HACKER Q&A
📣 behnamoh

Does browsing old online forums make you feel bad about the Web today?


When looking for Autohotkey scripts or solutions to ancient Windows problems, I find myself on old forums with people that may or may not be alive now. What I find interesting is the enthusiasm that they showed to answer questions and contribute to forums often for free. I myself was on a couple of these forums long ago, and I remember the excitement of hitting refresh every now and then and getting a reply to what I had posted. There was no such notifications on your phone, most people did not have fancy profiles and images, and a profile on site X was not connected to the same person's profile on site Y. There was no login with Google/FB/Apple/etc., and the forums did not have neither minimalist designs nor modern web JS bs.

Some of those forums still exist today, and I often wonder "who's still on them?!" In the age of fast information, sadly, the social construct of forums is no more, at least for average people who only know the Web through FB pages, tiktok videos, Discord, etc.

It makes me both nostalgic and sad to compare the current state of the Web with the gem we had not too long ago. Maybe I'm not alone. In that case, what are your thoughts on this?

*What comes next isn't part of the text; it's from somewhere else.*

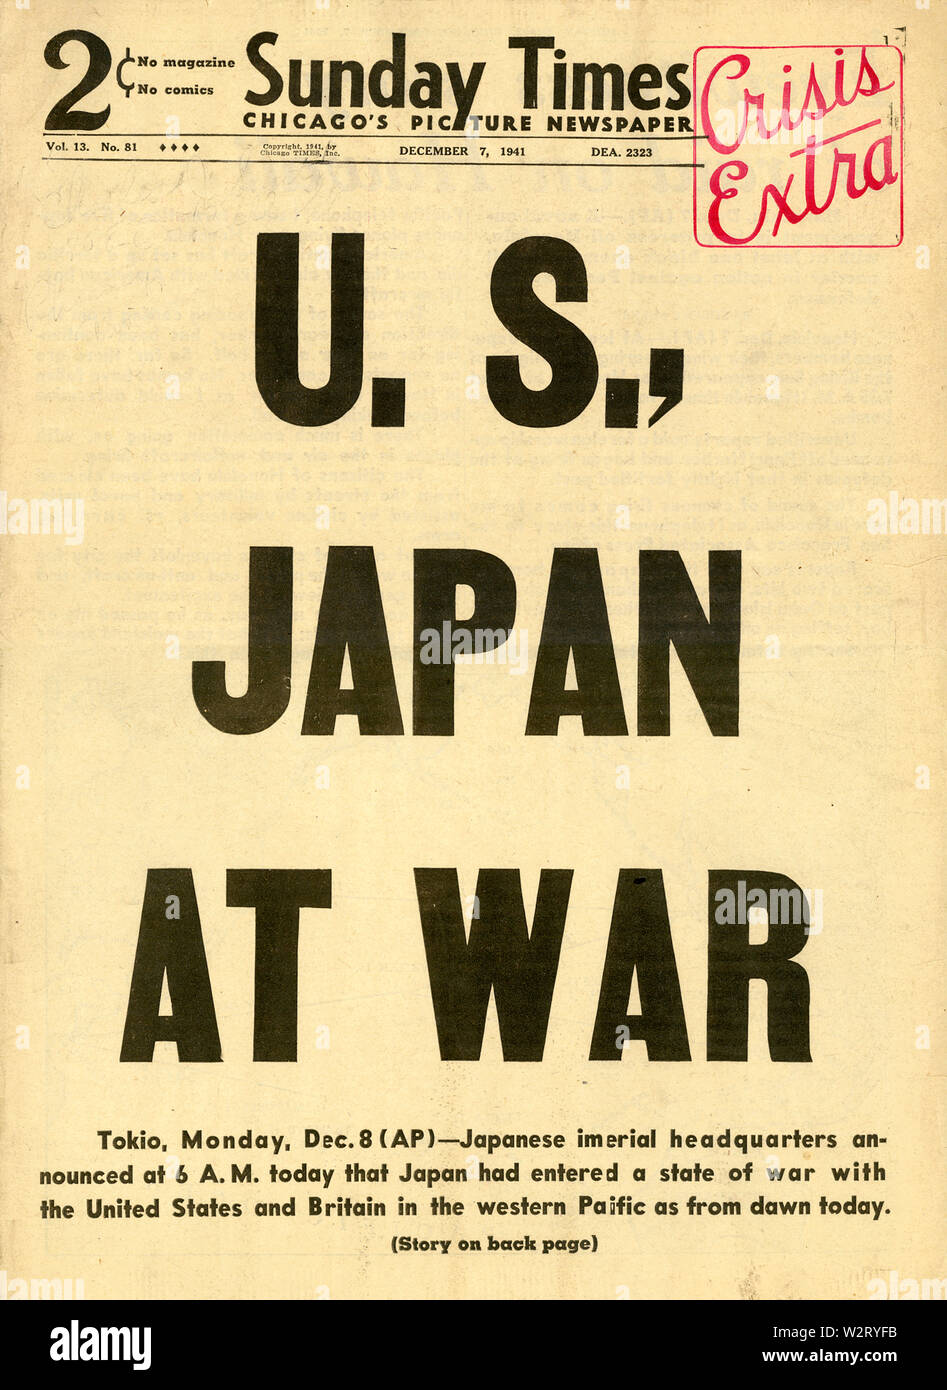 [ 1940s Japan - Special Edition Newspaper: US Japan at War ] —   A special newspaper edition for December 7, 1941 (Showa 16) of the Sunday Times announcing the state of war between Japan and  the US. The headline shouts 'U.S., JAPAN AT WAR.' On the top right it says 'Crisis Extra.'   The Chicago based Sunday Times was launched in 1844 as the  Chicago Evening Journal and is now known as the Chicago Sun-Times.  20th century vintage newspaper. Stock Photo

  👤 rootsudo Accepted Answer ✓
Yes, especially having to go onto Discord to get old fixes, files, dll files or packs.

I was lucky this past week to jump onto a few active discords and met the actual author of forum posts and who releases stuff on Github and they sent me the old links of the chat saying it was posted before and that it fixed stuff not in the github for this unique case.

Back in the day it would've been a sticky on a forum, you read the comments adn then contribute that it. But in this example should've also been pushed in the github repo too, but the thing is with discord as the main medium now, you have to actively participate vs passively reading and getting up to speed.

Different plasticity needed.


👤 emrah
> It makes me both nostalgic and sad to compare the current state of the Web with the gem we had not too long ago. Maybe I'm not alone. In that case, what are your thoughts on this?

Be the change you want to see in the world, so be enthusiastic, kind and helping online.

That said, the current state of the internet is not different than anything else that experiences very large number of patrons. It's statistics. In the early days, those who were able to participate were a biased group of people. As more and more people and companies joined, the bias evened out to represent the bigger population which unfortunately has a different distribution.